Age at Inauguration Frequency
41.5–46.5 4
46.5–51.5 11
51.5–56.5 14
56.5–61.5 9
61.5–66.5 4
66.5–71.5 2

The first label on the x -axis is 39. This represents an interval extending from 36.5 to 41.5. Since there are no ages less than 41.5, this interval is used only to allow the graph to touch the x -axis. The point labeled 44 represents the next interval, or the first “real” interval from the table, and contains four scores. This reasoning is followed for each of the remaining intervals with the point 74 representing the interval from 71.5 to 76.5. Again, this interval contains no data and is only used so that the graph will touch the x -axis. Looking at the graph, we say that this distribution is skewed because one side of the graph does not mirror the other side.

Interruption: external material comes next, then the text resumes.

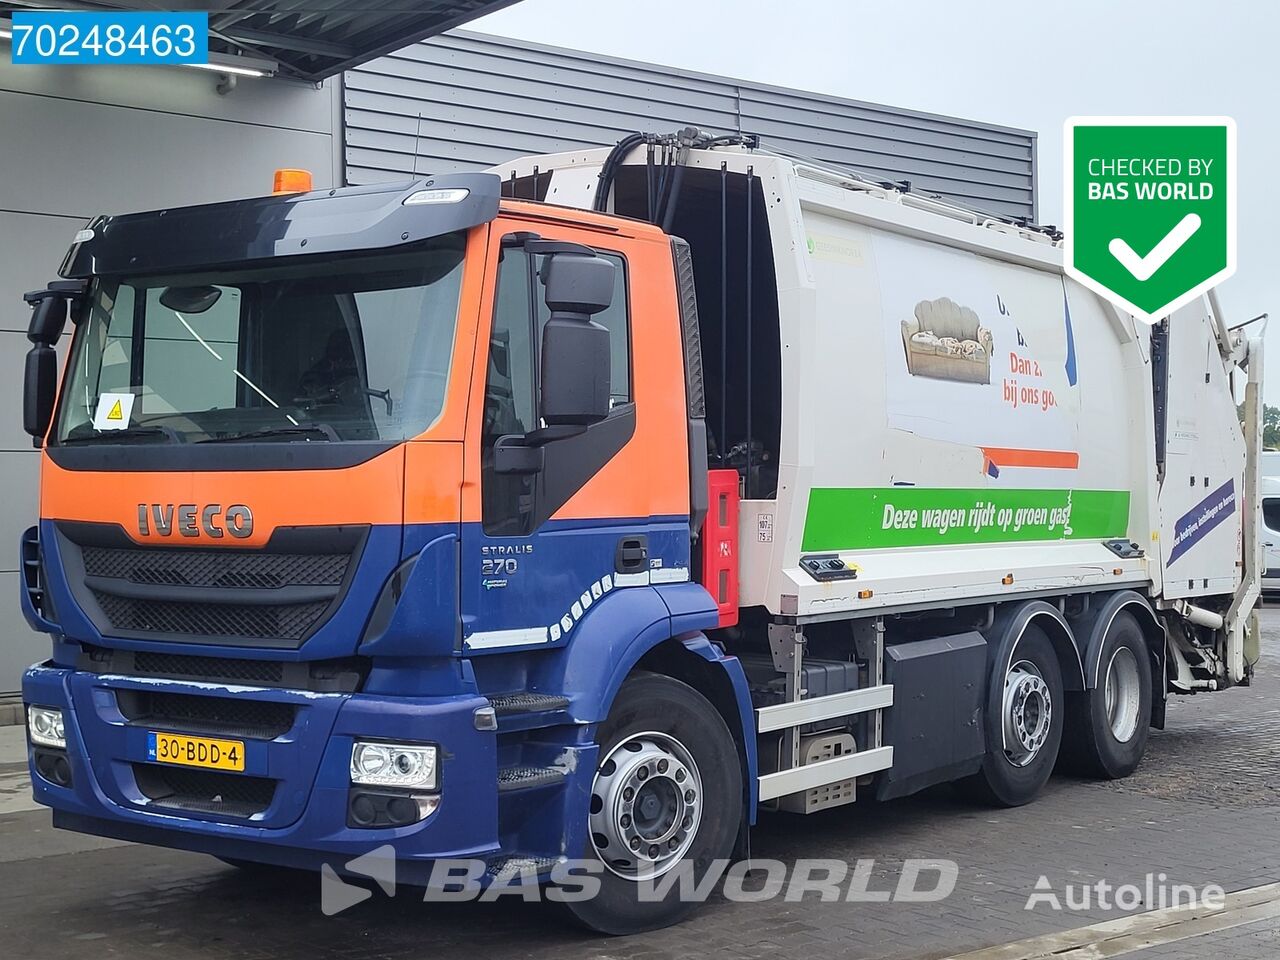 IVECO Stralis 270 6X2 NL-Truck CNG Geesink GPM III v 20H25 Retarder Eu garbage truck

This figure shows a graph entitled, 'President's Age at Inauguration.' The x-axis is labeled 'Ages' and is marked off at 39, 44, 49, 54, 59, 64, 69 and 74. The y-axis is labeled, 'Frequency,' and is marked off in intervals of 1 from 0 to 15. The following points are plotted and a line connects one to the other to create the frequency polygon: (39, 0), (44, 4), (49, 11), (54, 14), (59, 9), (64, 4), (69, 2), (74, 0).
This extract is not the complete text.